Canada Opens the Door to Public Scrutiny of Clinical Drug Trials
This past March, Canada’s department of health changed the way it handles the huge amount of data that companies submit when seeking approval for a new drug, biological treatment, or medical device — or a new use for an existing one. For the first time, Health Canada is making large chunks of this information publicly available after it approves or rejects applications.
Within 120 days of a decision, Health Canada will post clinical study reports on a new government online portal, starting with drugs that contain novel active ingredients and adding devices and other drugs over a four-year phase-in period. These company-generated documents, often running more than 1,000 pages, summarize the methods, goals, and results of clinical trials, which test the safety and efficacy of promising medical interventions. The reports play an important role in helping regulators make their decisions, along with other information, such as raw data about individual patients in clinical trials.

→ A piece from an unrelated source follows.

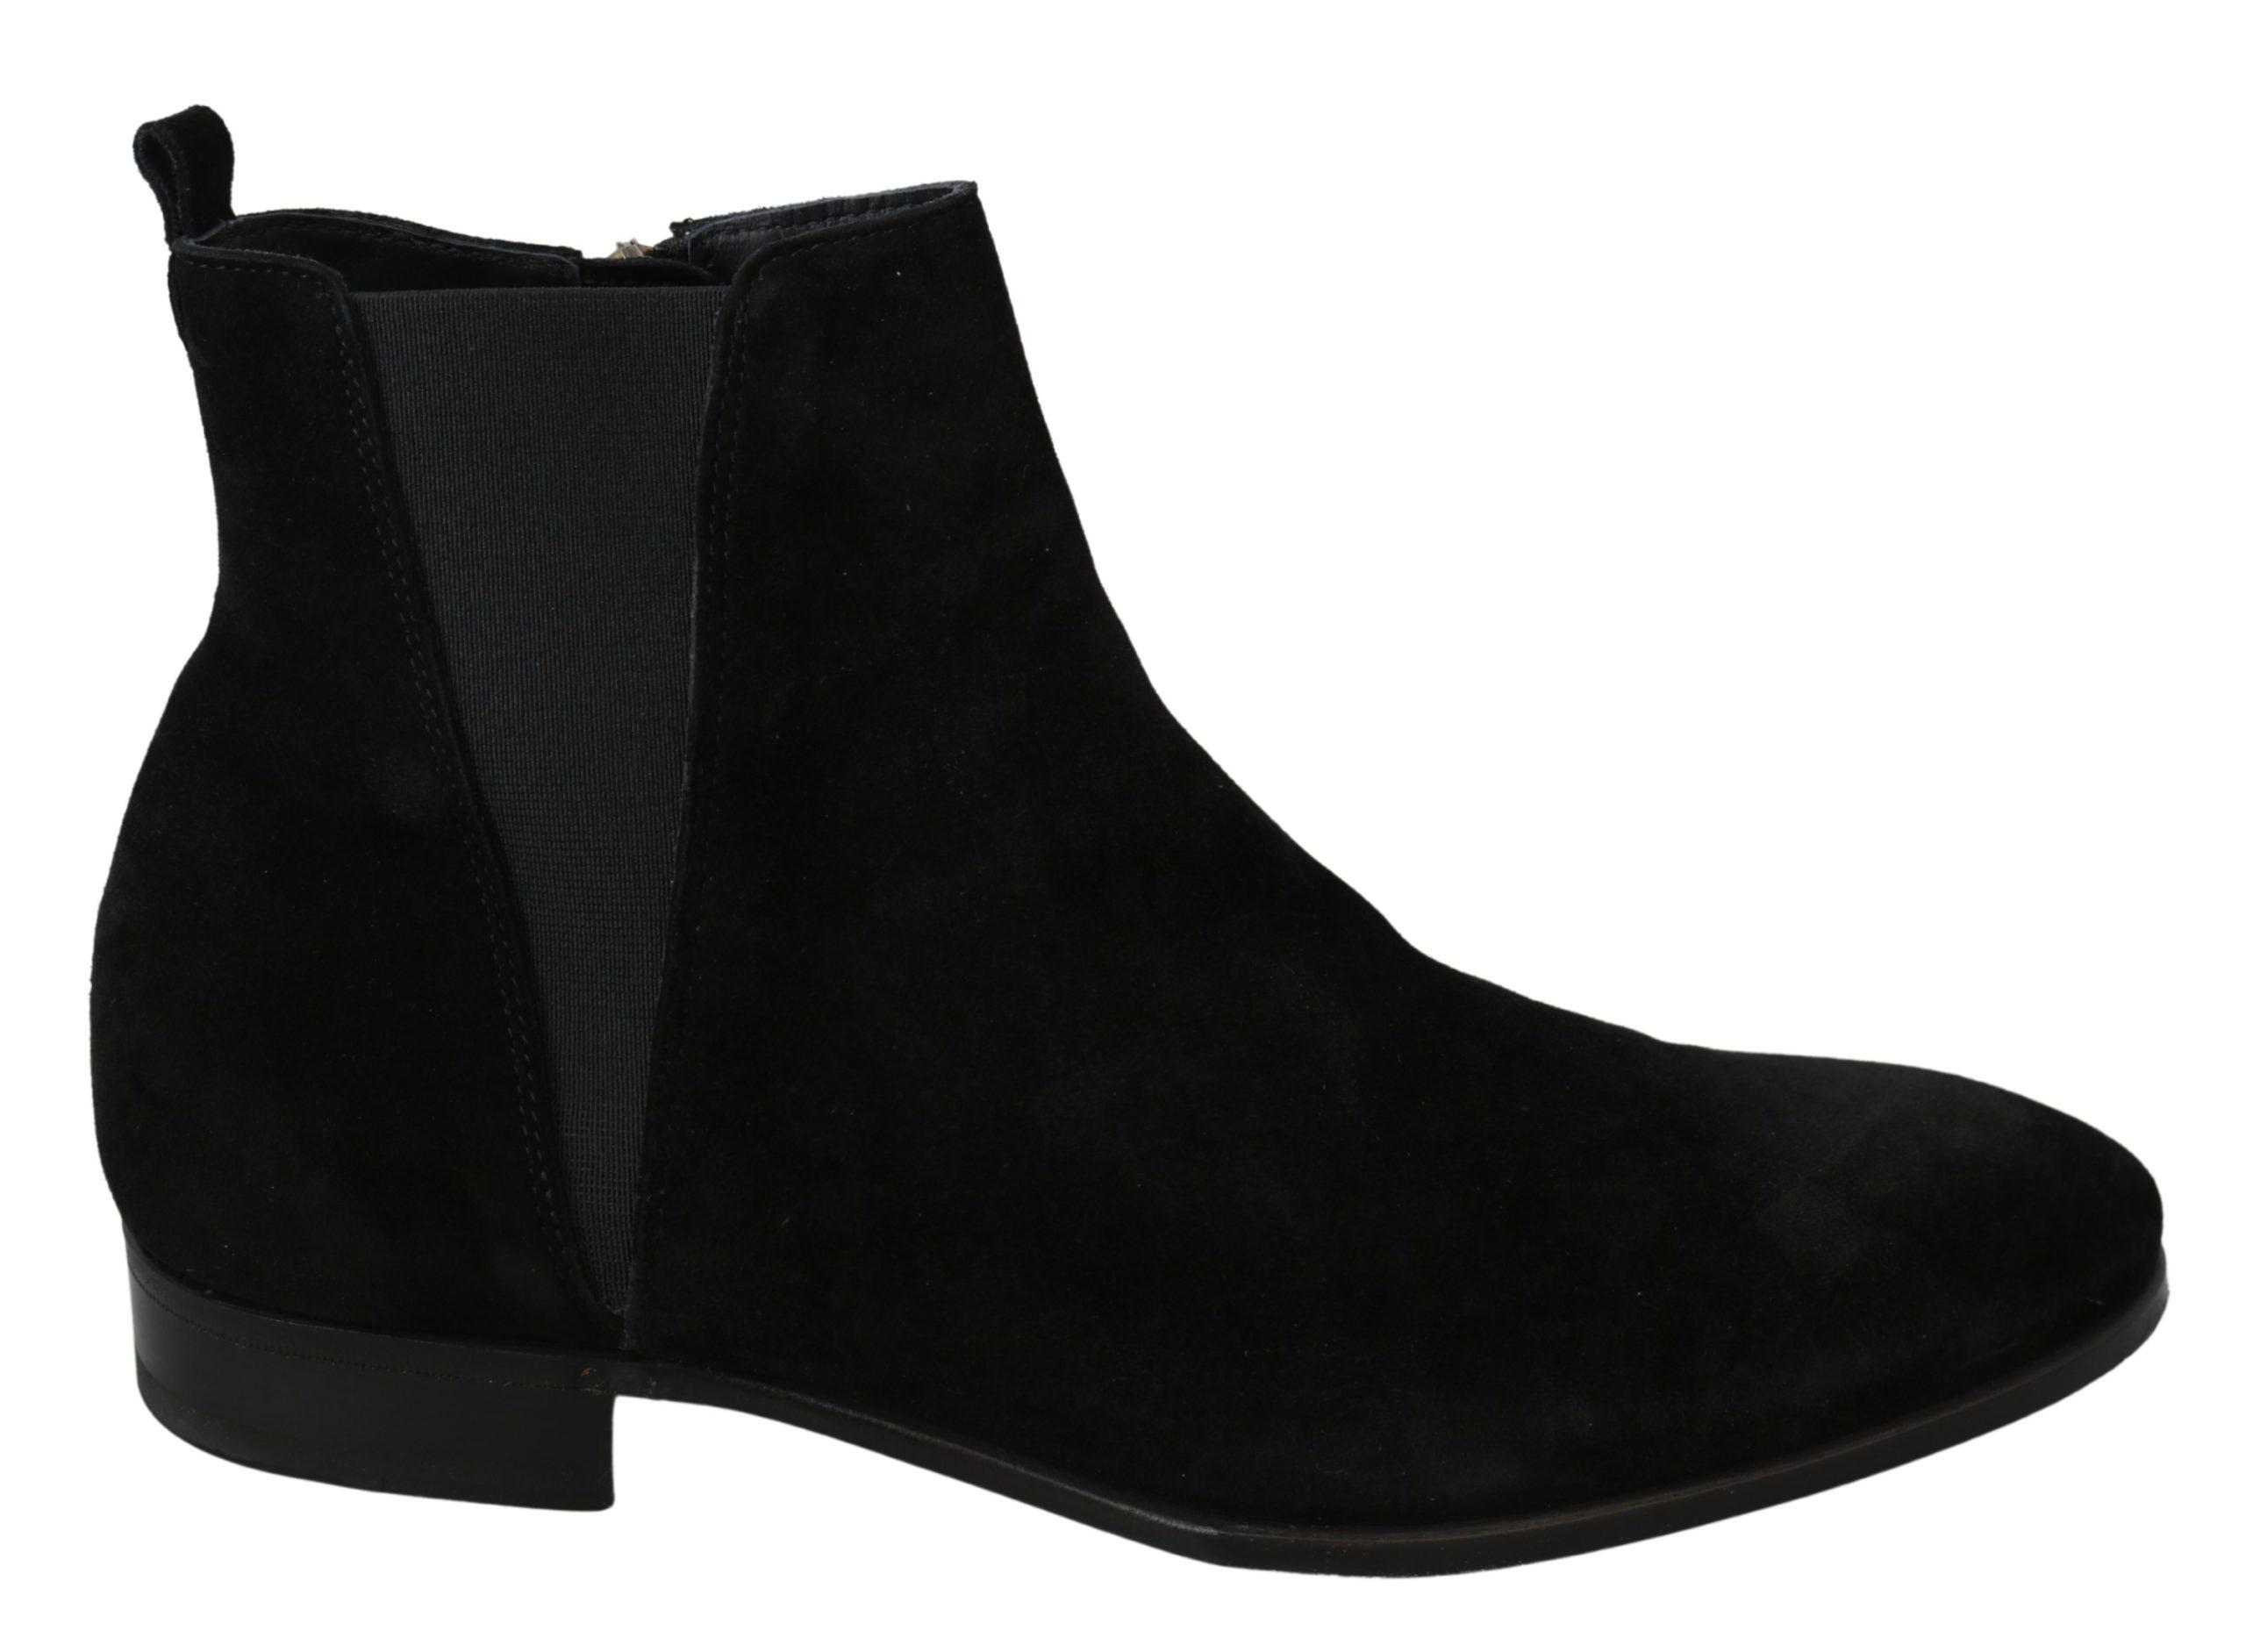 Dolce & Gabbana Men's Suede Leather Chelsea Boot Black MV2895 - EU42/US9

So far, Health Canada has posted reports for four newly approved drugs — one to treat plaque psoriasis in adults, two to treat two different types of skin cancer, and the fourth for advanced hormone-related breast cancer — and is preparing to release reports for another 13 drugs and three medical devices approved or rejected since March.
Canada’s move follows a similar policy enacted four years ago by the European Medicines Agency (EMA) of the European Union. The U.S. Food and Drug Administration (FDA), on the other hand, continues to treat this information as confidential to companies and rarely makes it public.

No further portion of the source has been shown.